En la presentación de cada señorita y de cada grupo, tus intervenciones y comentarios dejan un margen de duda o de imaginación sobre las motivaciones explícitas y lo que establecen los documentos, ¿ese plus fue buscado o se fue dando en el desarrollo del proyecto?
--Creo que ese margen de duda es ineludible. Hasta Tulio Halperin Donghi debía tener márgenes de duda más allá de los documentos. Yo planto documentos, cartas, diarios que aseveran lo que afirmo. Donde no los hay, lanzo hipótesis o preguntas que podría hacer cualquier lector o investigador. Como reuní tanta información sobre cada personaje, tengo muchas conjeturas y las brindo. Esa voz, la del biógrafo, tiene algo de ese personaje antropólogo-forense. Es una hipótesis tuya que me gusta.
¿Se puede considerar protofeministas a estas jóvenes señoritas de excelente formación académica?
--Lo eran porque era una corriente en ese momento muy fuerte en Estados Unidos, y ellas eran mujeres independientes, letradas, inteligentes, que se autoabastecían. Lo eran en la medida en que se autoabastecían económicamente por medio de su trabajo y en la medida en que militaban enseñando. Las alumnas decían “ella (por Mary Graham) nos enseñaba a vivir”. Mary Graham decía “no quiero celadores. Eso es para los estúpidos, para los delincuentes”. Sarah Atkinson, que trabajó con Graham en San Juan, se convirtió en una sufragista y militante feminista cuando volvió a Estados Unidos. Nunca se casó y viajó por Europa difundiendo los derechos de las mujeres, trabajando como maestra y traductora.
Entre la epopeya y el chisme, ¿cuáles son los mejores recursos para contar una historia del siglo XIX a los lectores?
--Sostengo la tesis de Ulises Carrión sobre el rumor y el chisme como fuente de info sobre la cultura. Pero yo lo identifico. Le digo al lector: esto es una habladuría, en el pueblo se dice, esto no está documentado. Fijo muy bien los límites entre el documento y al rumor.
Sin buscarlo, tu libro se publica en medio de una revalorización social de la educación en el país y de la reivindicación de los aportes hechos por las mujeres en la historia.
--No estoy totalmente segura de posicionarme como abanderada de esta implantación de la cultura occidental de avanzada, pestalozziana, que propició Sarmiento, o de la imposición de la cultura española católica anterior. No sé si las culturas originarias no tenían derecho a desarrollar sus propias herramientas del saber. Yo cuento la historia, lanzo hipótesis, pero no hago apoyos políticos.

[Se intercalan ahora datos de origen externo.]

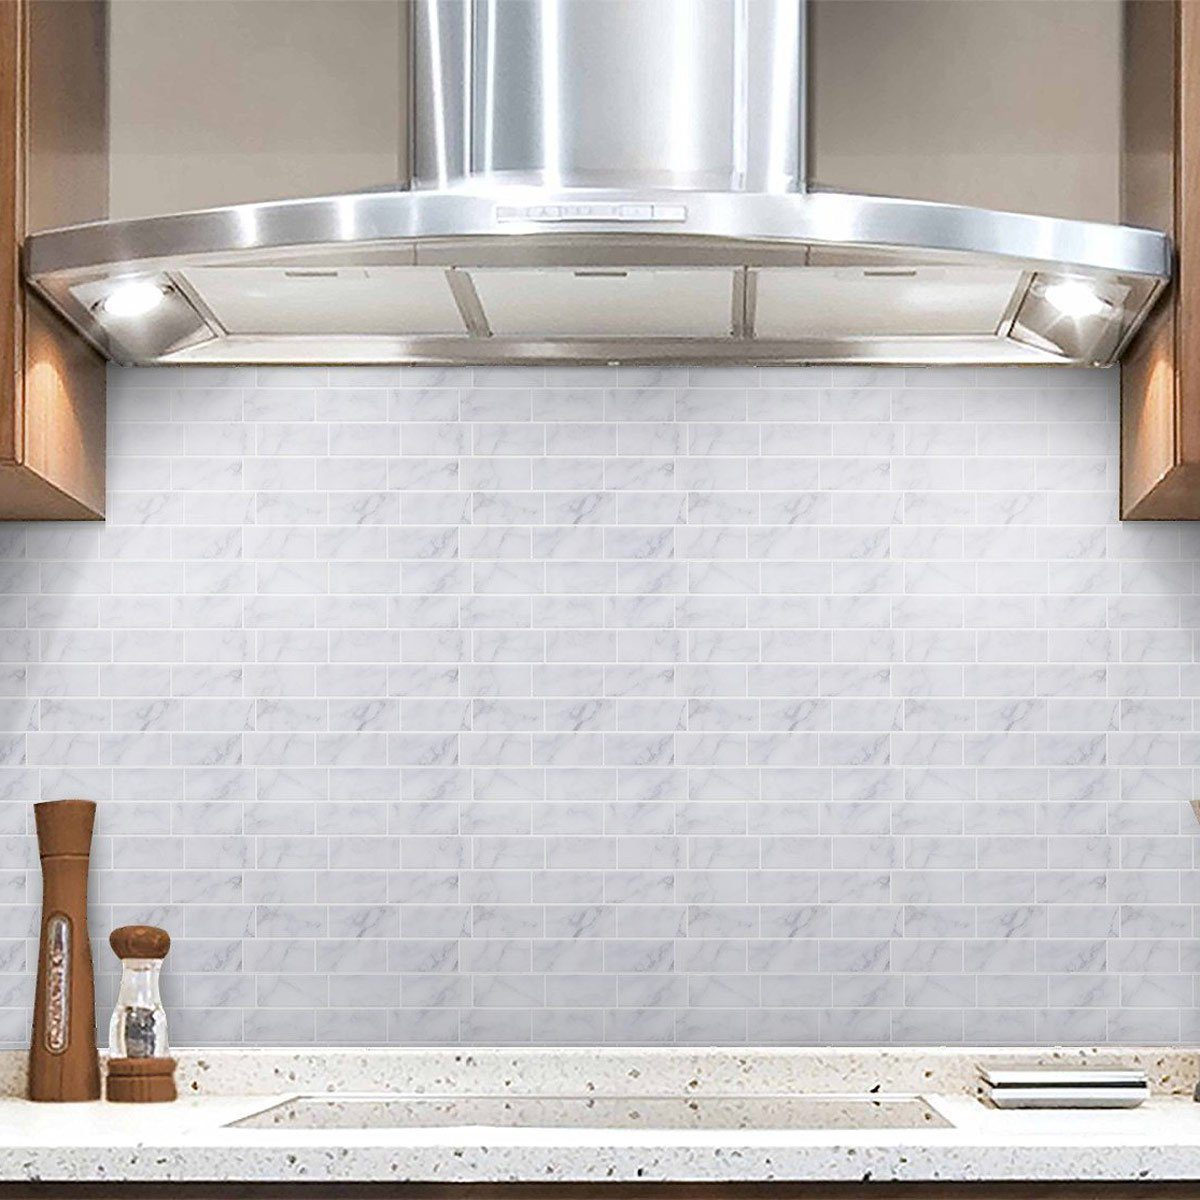 - 30 Kitchen Backsplash Ideas Taste Of Home

¿Dirías que falta espíritu aventurero a la hora de imaginar proyectos sociales como ese, de vivir experiencias, de escribir?
--Creo que hubo espíritu aventurero a mansalva. Que Sarmiento y esas maestras lo tuvieron. No sé qué pasa ahora. No me gusta observar la realidad presente. Prefiero el pasado.
¿Lograste los objetivos que tenías al encarar el proyectos? ¿Qué aprendiste con Las señoritas?
--Fue como una droga. Quiero más. Quiero seguir investigando. Quiero manuscritos, quiero cartas escritas a mano con pluma y tinta, cartas nunca vistas antes desde que fueron leídas por primera vez, quiero hacer descubrimientos. Quiero sentir en la espina dorsal, como decía Vladimir Nabokov, ese estremecimiento al toparme con un descubrimiento histórico, como cuando leí en una carta: “Hoy desayunamos con la sra de Borges. La sra de Borges es una inglesa casada con un argentino que hospeda a algunas maestras”. Estoy buscando una nueva historia, una nueva experiencia, ya no puedo vivir sin eso.
Por último, ¿por qué en los agradecimientos Liliana Viola es mencionada como “mi esposa”? ¿Hubo una boda secreta durante la pandemia?
--En Inglaterra, las damas de la aristocracia llaman “esposa” a sus amigas íntimas. En la voluminosa correspondencia, que devoré, entre las seis hermanas Mitford, a las que adoro, eso aparece continuamente: “fui al teatro con mi esposa”, “¿cómo está tu esposa?”. Soy una cipaya de lustre.